2

Source S3 location with 100s of JSON

  1. All JSON files needs to be combined to single JSON file. i.e. non part-0000... files
  2. The output single JSON file need to replace all these file on source S3 location
  3. Same JSON file needs to converted Parquet and saved to other S3 location

Is there any best option apart from below,

  1. Load the JSON file into Dataframe
  2. Save it on local disk
  3. Upload the combined JSON file to S3
  4. Clean rest of the S3 files after the combined S3 file is uploaded successfully using AWS SDK Client API
  5. This run in parallel to 4. save the parquet file to parquet S3 location via dataframes API

I had below question on above design

  • Is there any more robust way of doing it ?
  • Can I read from and write to same S3 location and skip step no. 2.
QuickSilver
  • 3,915
  • 2
  • 13
  • 29
  • Are the files all in a single directory, day partitions, something else? – Andrew May 01 '20 at 17:08
  • all json files are in single directory – QuickSilver May 01 '20 at 17:31
  • check the answer hope that helps. saving intermediate thing to local disk is no more needed unless its audit requirement. – Ram Ghadiyaram May 01 '20 at 17:54
  • You can if you use s3a file system access. https://hadoop.apache.org/docs/current/hadoop-aws/tools/hadoop-aws/index.html – Nikhil May 01 '20 at 18:03
  • sure @RamGhadiyaram – QuickSilver May 01 '20 at 18:25
  • @Nikhil Already doing it but how does it changes any of the steps which I have mentioned ? – QuickSilver May 01 '20 at 18:26
  • @QuickSilver Not sure which set of steps you are talking about. I thought it was the second set where you mention about saving the consolidated JSON file to the local disk. Instead, you can read all JSON files > union > (save to JSON with coalescing into a single file & save to Parquet) – Nikhil May 01 '20 at 19:19

2 Answers2

1

yes its possible to skip #2. Writing in to same location can be done with SaveMode.Overwrite the same location where you read from.

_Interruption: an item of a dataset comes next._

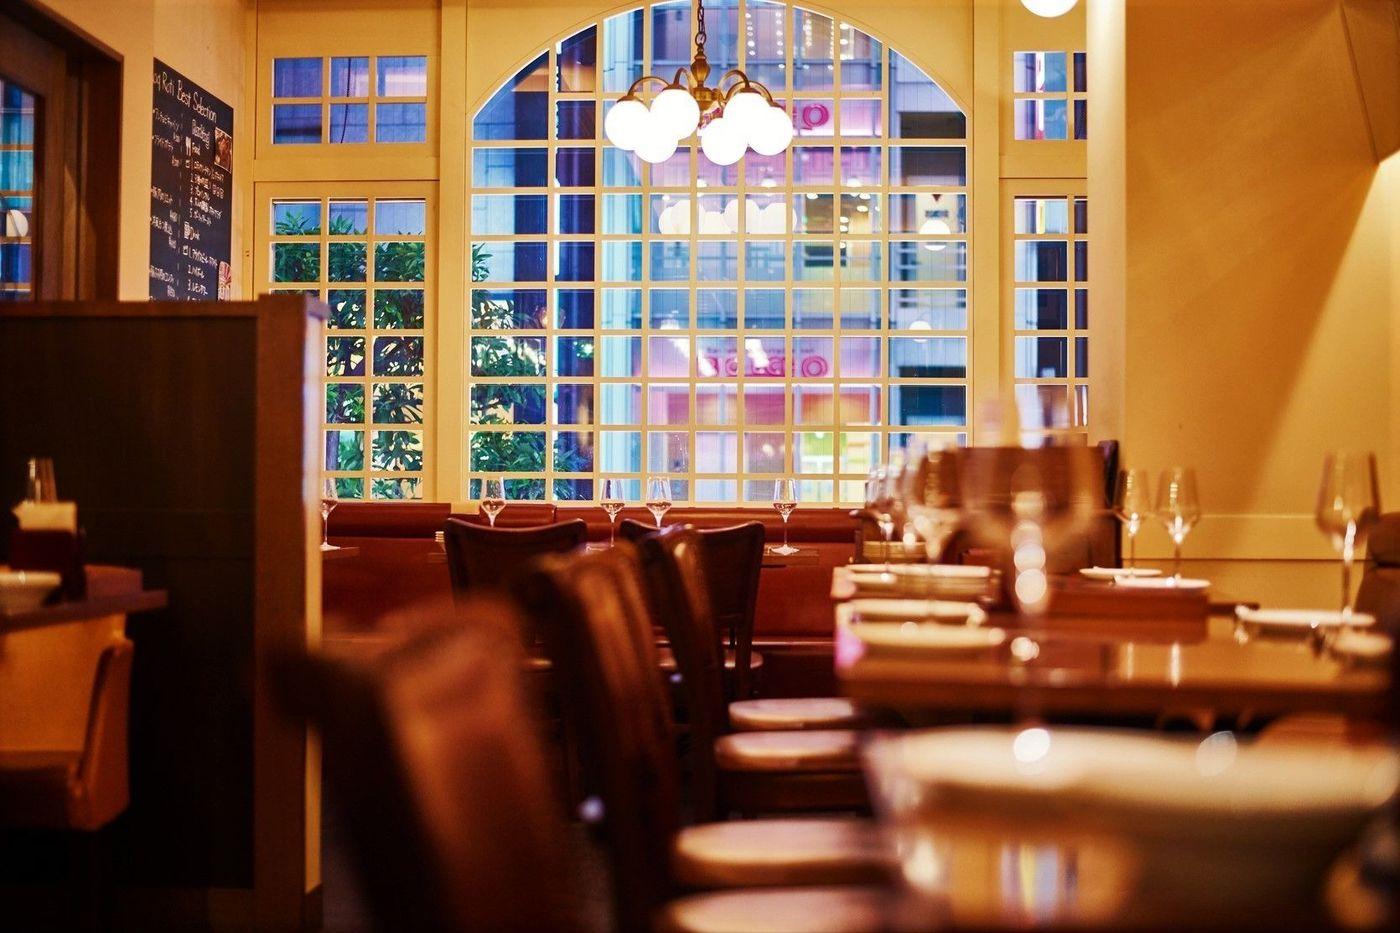 池袋のおしゃれカフェ♡人気&おすすめのカフェ18選の画像

when you first read the json i.e. #1 as dataframe it will be in memory if you do cache. after that you can do a clean up and combile all json in to one with union and store in parquet file in a single step. something like this example.
Case 1: all jsons are in different folders and you want them to store final dataframe as parquet in the same location where jsons are there...

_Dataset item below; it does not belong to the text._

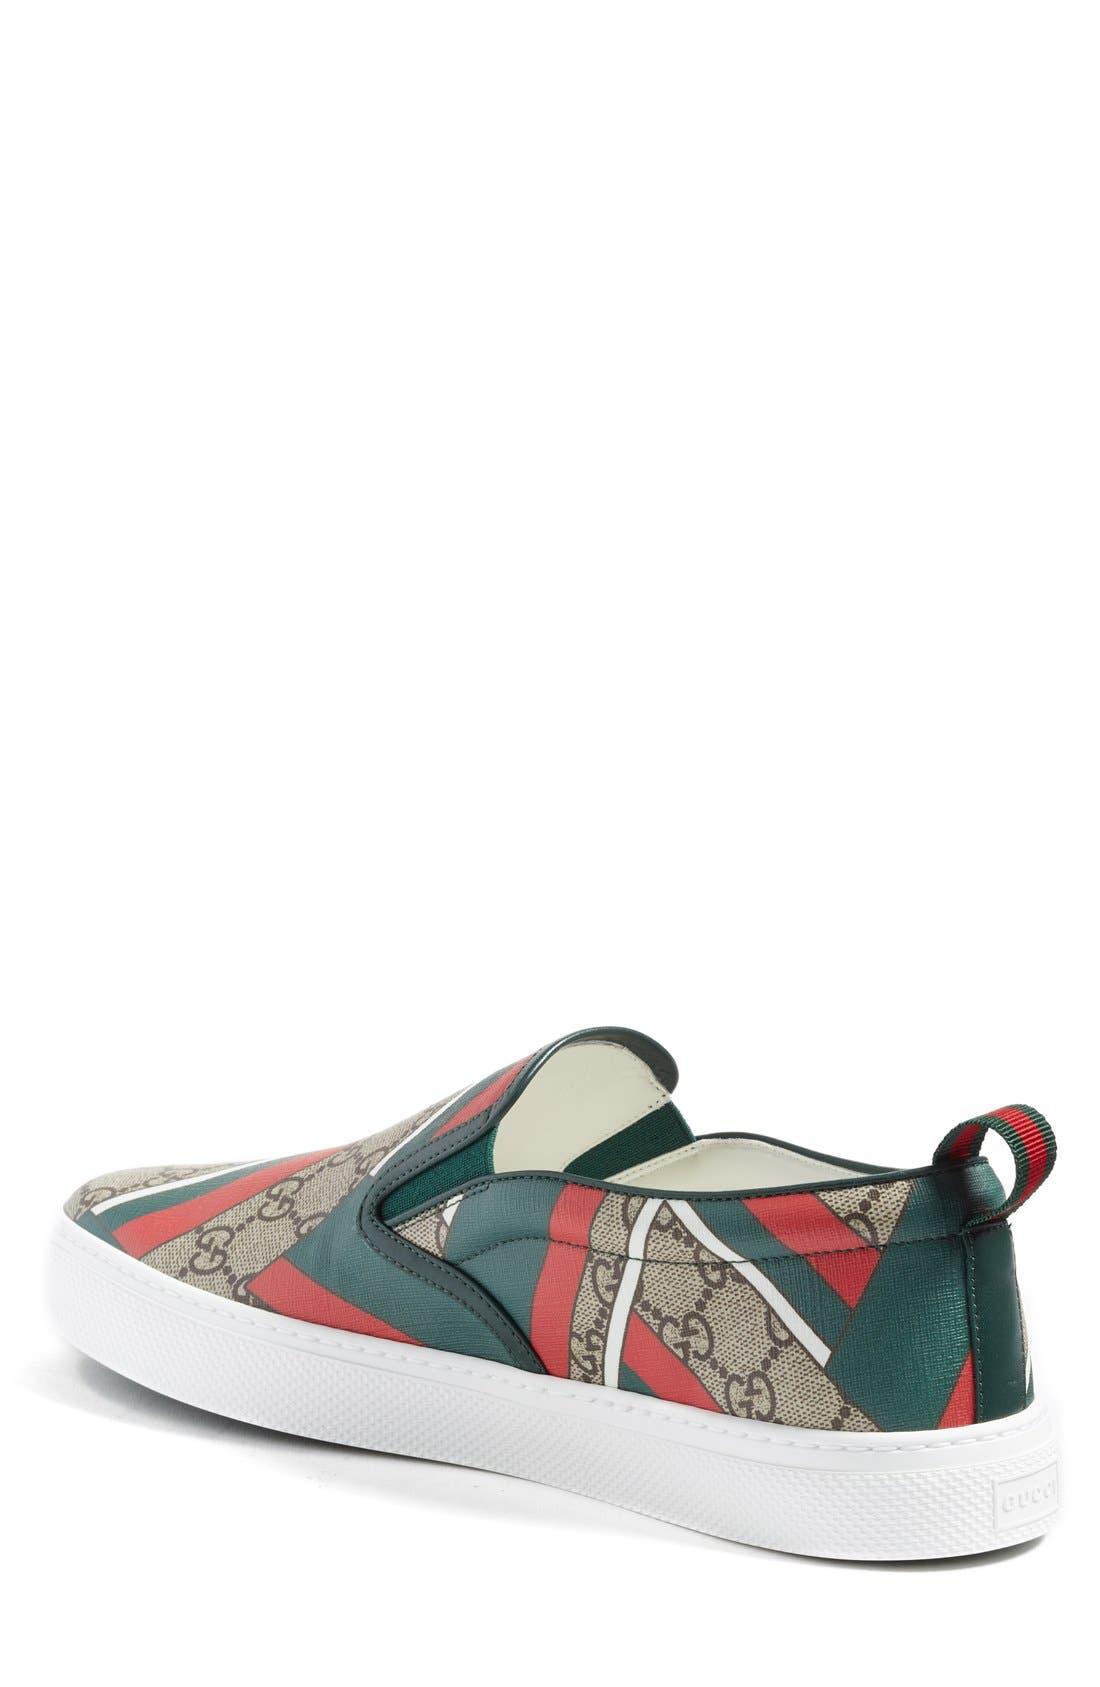 Dublin Slip-On Sneaker,                             Alternate thumbnail 25, color,

val dfpath1 = spark.read.json("path1")
val dfpath2 =  spark.read.json("path2")
val dfpath3 =  spark.read.json("path3")

val df1 = cleanup1 function dfpath1 returns dataframe
val df2 = cleanup2 function dfpath2 returns dataframe
val df3 = cleanup3 function dfpath3 returns dataframe

val dfs = Seq(df1, df2, df3)
val finaldf = dfs.reduce(_ union _) // you should have same schema while doing union..

 
  finaldf.write.mode(SaveMode.Overwrite).parquet("final_file with samelocations json.parquet")

Case 2: all jsons are in same folders and you want them to store final dataframe as multiple parquet in the same root location where jsons are there...

In this case no need for reading as multiple dataframes you can give root path where jsons are there with same schema

val dfpath1 = spark.read.json("rootpathofyourjsons with same schema")

// or you can give multiple paths spark.read.json("path1","path2","path3")
 // since it s supported by spark dataframe reader like this ...def json(paths: String*):
val finaldf = cleanup1 function returns  dataframe
finaldf.write.mode(SaveMode.Overwrite).parquet("final_file with sameroot locations json.parquet")

AFAIK, In either case aws s3 sdk api is no more required.

UPDATE : Reg. File Not Found Exception you are facing... see below code example of how to do it. I quoted the same example you showed me here

import org.apache.spark.sql.functions._
  val df = Seq((1, 10), (2, 20), (3, 30)).toDS.toDF("sex", "date")

  df.show(false)

  df.repartition(1).write.format("parquet").mode("overwrite").save(".../temp") // save it
  val df1 = spark.read.format("parquet").load(".../temp") // read back again

 val df2 = df1.withColumn("cleanup" , lit("Quick silver want to cleanup")) // like you said you want to clean it.

  //BELOW 2 ARE IMPORTANT STEPS LIKE `cache` and `show` forcing a light action show(1) with out which FileNotFoundException will come.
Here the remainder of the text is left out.